Firstly, they intend to get rid of the fluff given in the problem statement. Such statements are usually given to provide context to the problem but are unnecessary for solving the problem. They intend to rewrite problem statements in such a way that only a very formal and dry description of what exactly needs to be done is left. It is supposed to be the input into the pipeline.
Data Augmentation Step
An algorithm is used, which gets a solution as an input, and produces a very low-level statement (very close to the solution) as an output. Training on such a generated dataset achieves a non-zero accuracy on the human-generated dataset. The closer we get the generated statements to what people write in terms of the measurable metrics, the better the accuracy of the trained model on the human-generated set is.
“Non-zero accuracy” might not sound very impressive. But, if you consider the fact that it effectively means that the model manages to learn how to solve some elementary human-generated problems by only being trained on synthetic data, it is very promising. It is a huge step towards solving more complex problems and ultimately solving actual contest problems in a live contest.
Fixing the uncertainty of Deep Learning models: AST Trees
At the core of our approaches are deep learning models that read in text and produce code as either a sequence of tokens or an AST tree. Either way, as mentioned above, even a very well trained model has a very high chance of messing up at least one token.
Trying to address this problem is on its own very close to what competitive programmers do. We explore quite a few approaches. The idea NEAR.AI is using is to perform a beam search on AST trees until we find an AST of a program that passes sample tests. However, due to the lack of good quality data, they were unable to validate their studies satisfactorily.
An Alternative Approach
Another approach they are working on is to let another (or the same) deep learning model fix the program if the first program that was generated doesn’t pass the samples. The high-level idea is to train a model that takes as an input a problem statement and a program from the previous iteration alongside with some feedback on why the program is wrong and generates a new program.
Issues with the model
Consider that while running a binary search, it mistakenly swaps lines left = middle and right = middle. If you then feed the code back to the model, spotting this bug would be extremely hard. Even for humans, it is a non-trivial task. So is the source code the best medium for feedback to the model?

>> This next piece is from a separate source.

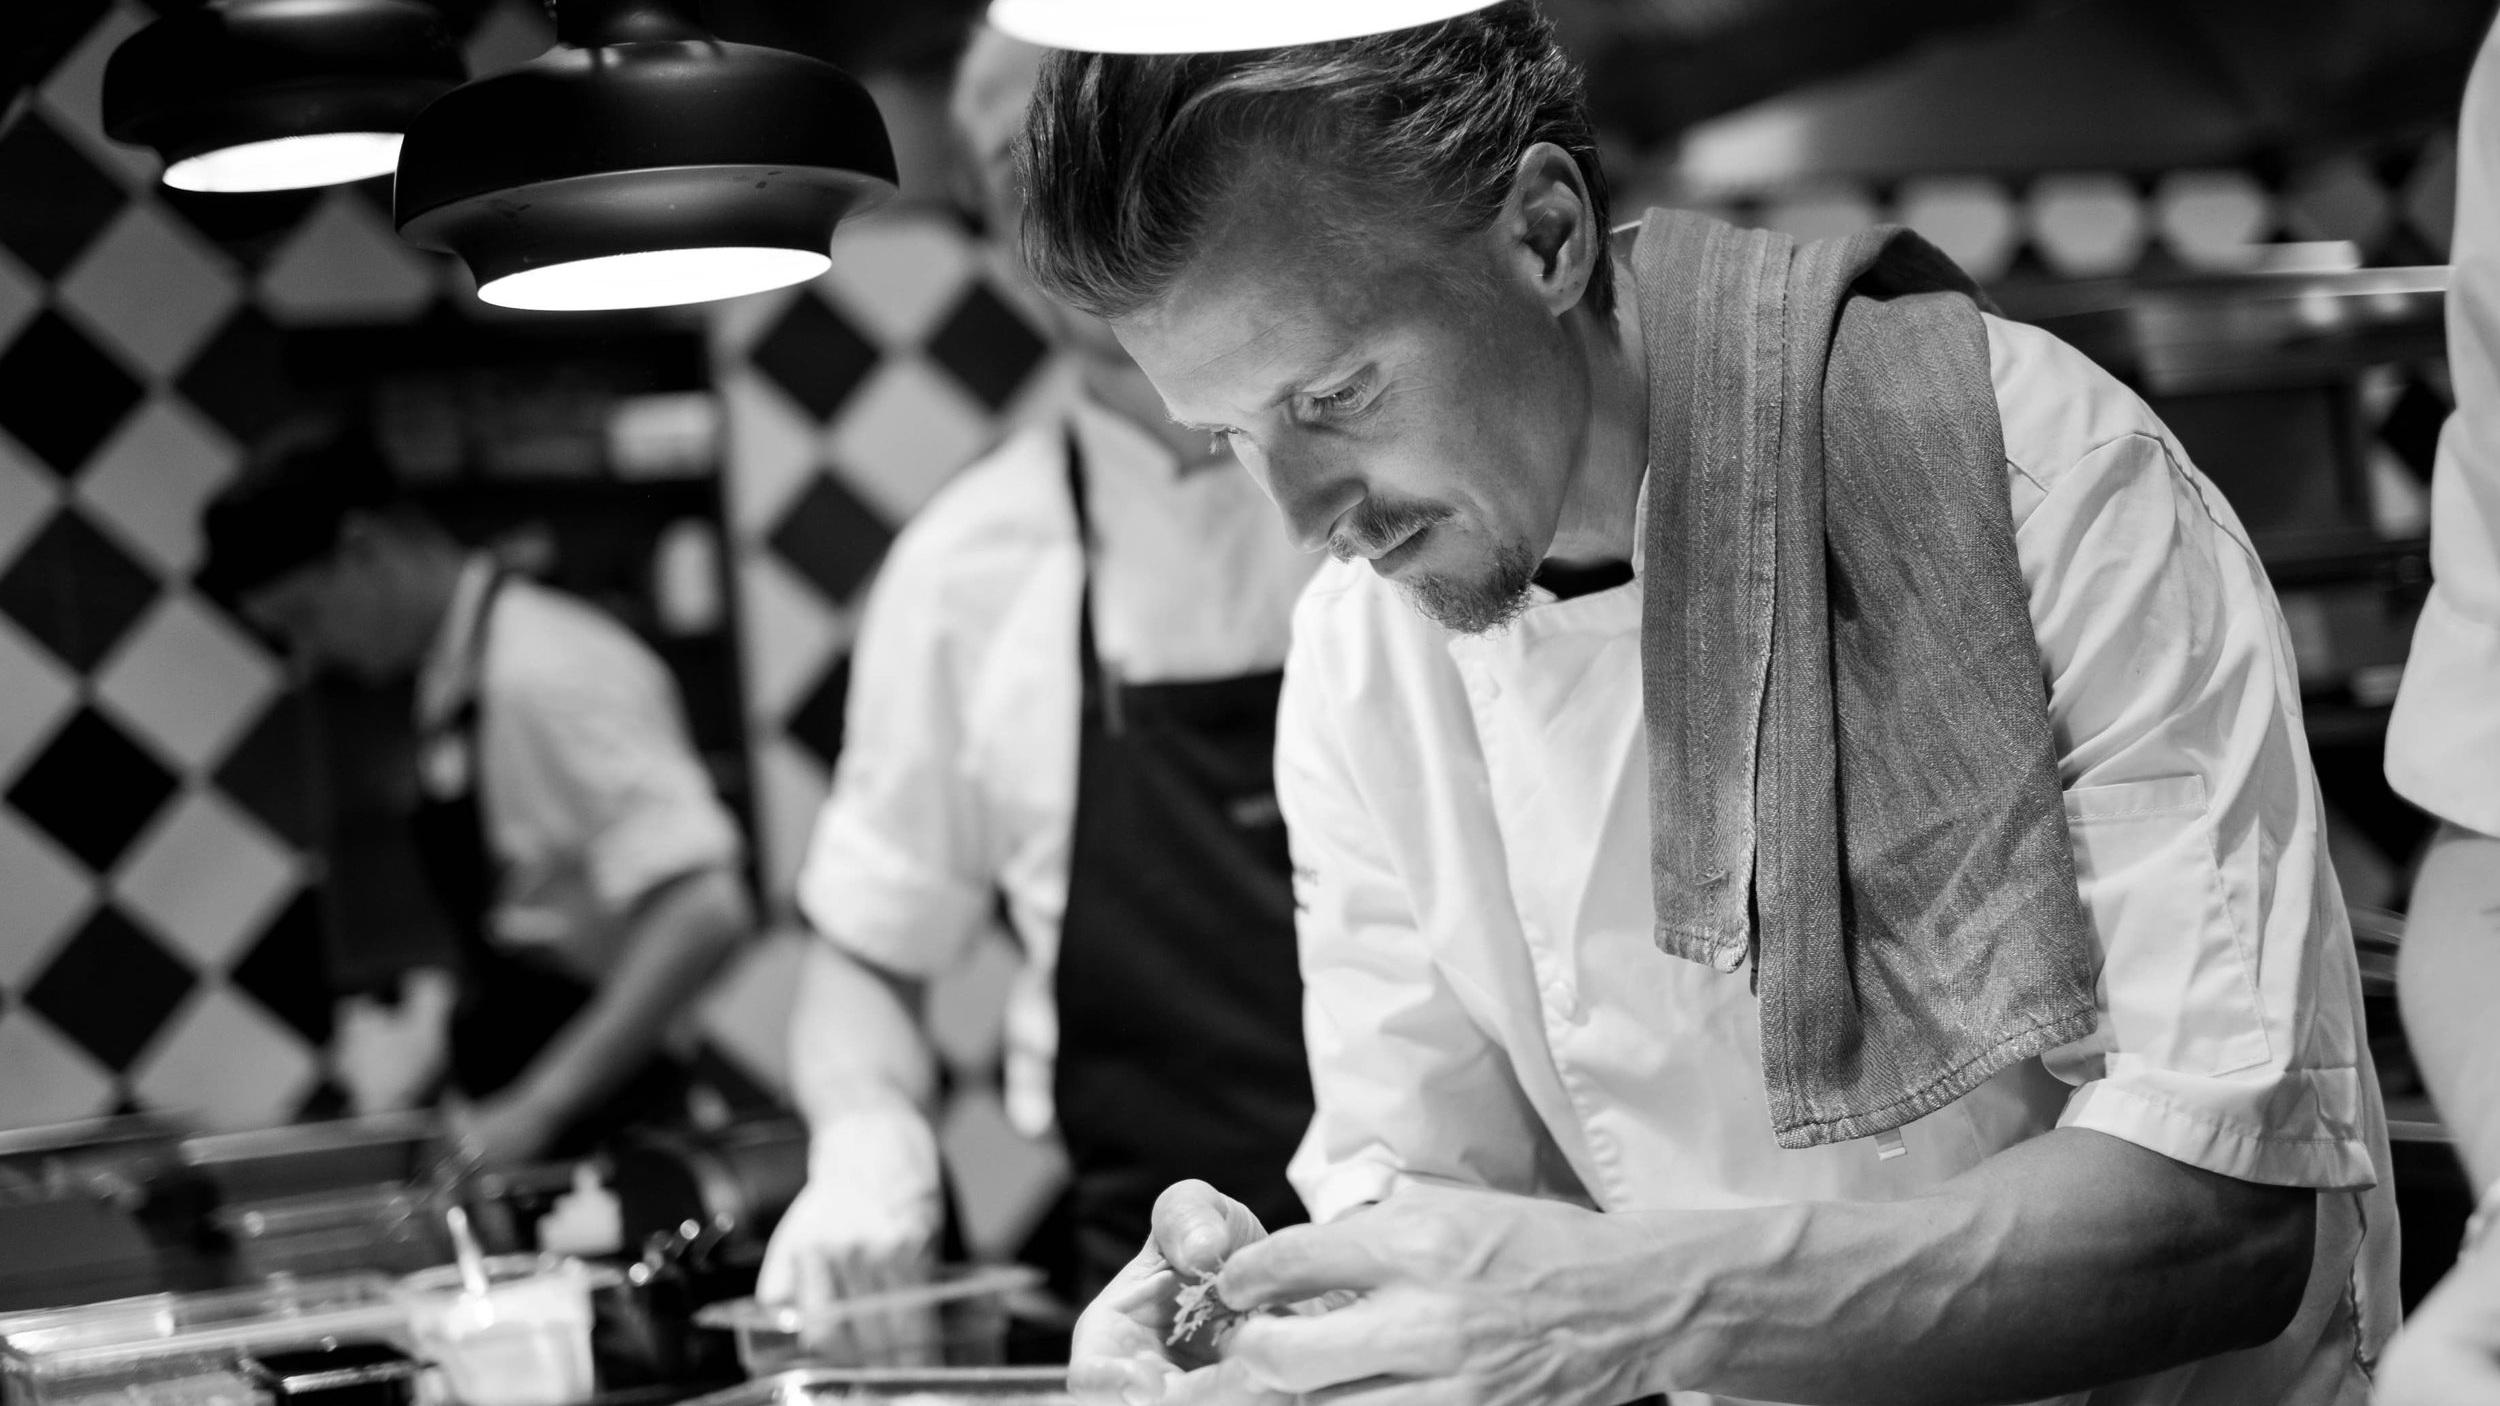 Kokkeskole - Kokkeskoler med landets førende køkken-chefer inden for mange forskellige typer mad.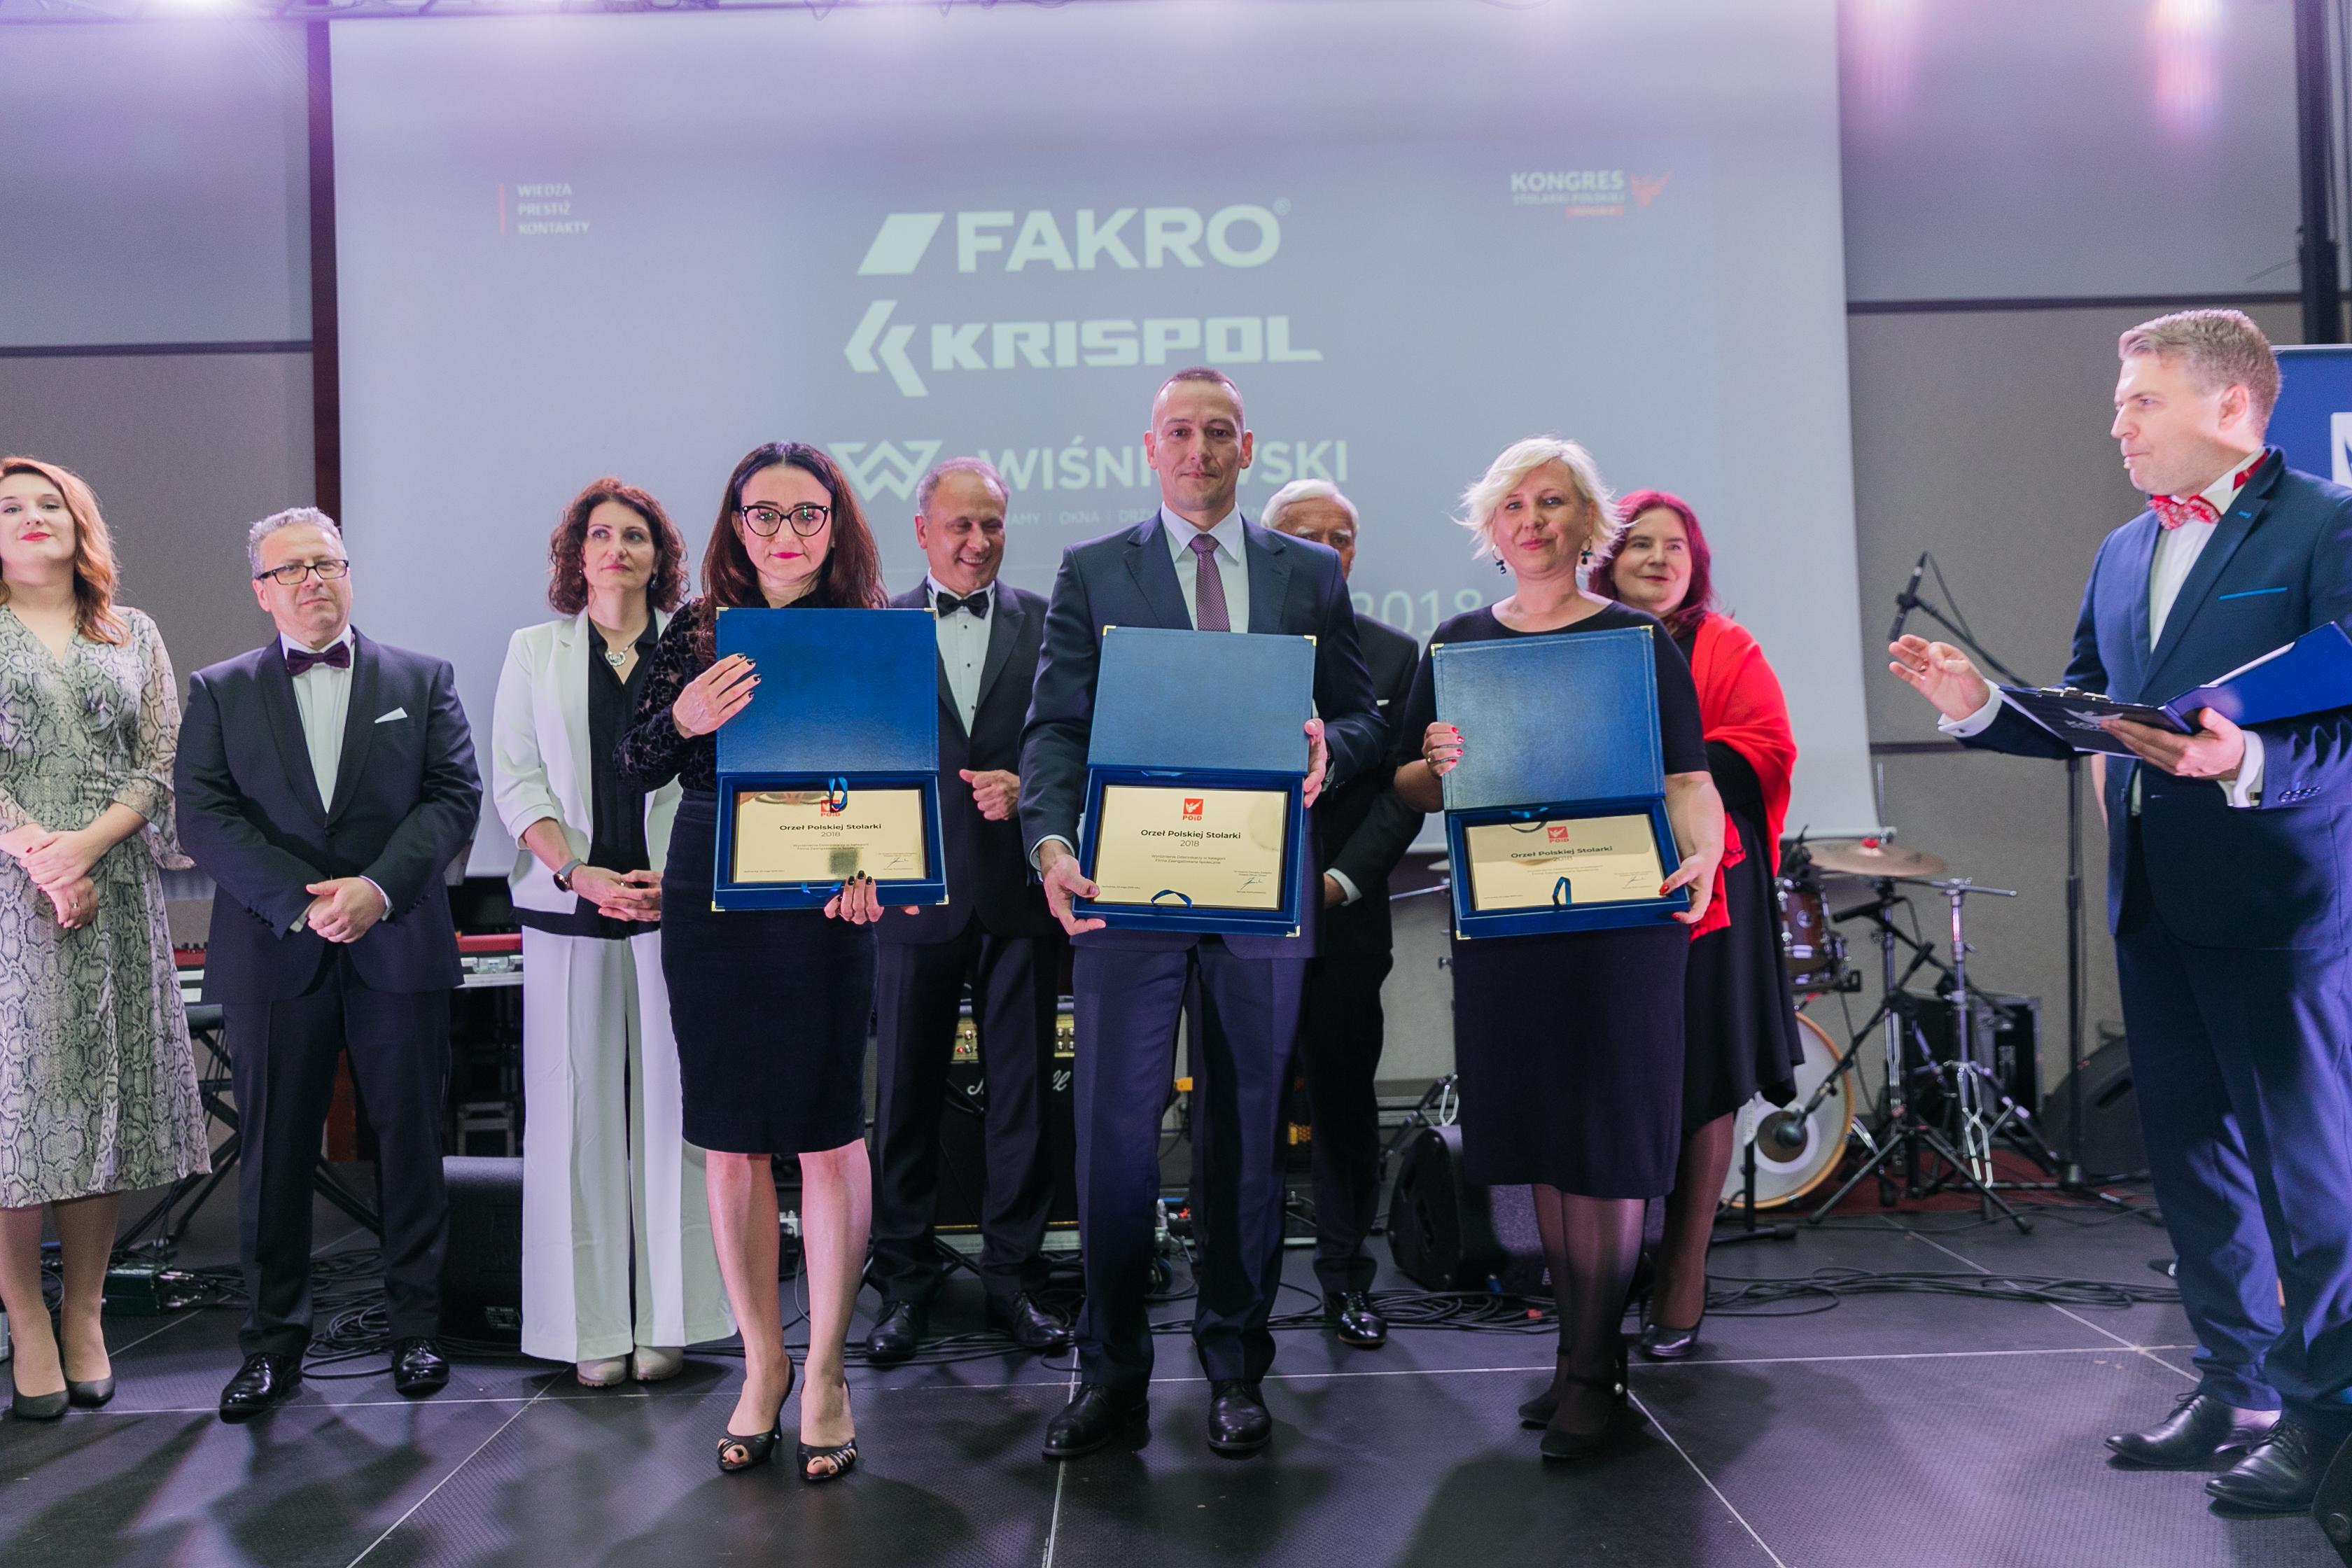 Firma KRISPOL doceniona za zaangażowanie społeczne

One option we have been exploring is feeding an execution trace instead. If the model made a mistake above, the execution trace would always converge to one of the ends of the range instead of some value in the middle, which would provide more information to the model than just the code itself. But, the issue with this solution is that the execution traces of real programs are rather long, and condensing them only to show information that is likely to be relevant is still an unsolved problem.
The different approaches that have been discussed and researched have some forms of blockades that we have not been able to go past. For machines, automatically reading the problem statement and automatically converting it to code is not trivial. We first need to interpret the language correctly and then need to find a mapping. Often, due to a difference in wording, we may not find a suitable mapping. While we have systems in place which can build simple programs to solve problems, we are still very far away from reaching a stage where. But building a commercially viable product that could do so would open up our world to endless possibilities. It would help corporates to save a significant amount of money and labor time. Hence, this is a field that even the corporate research organizations must consider for research. The upsides of such a technology would be unimaginable.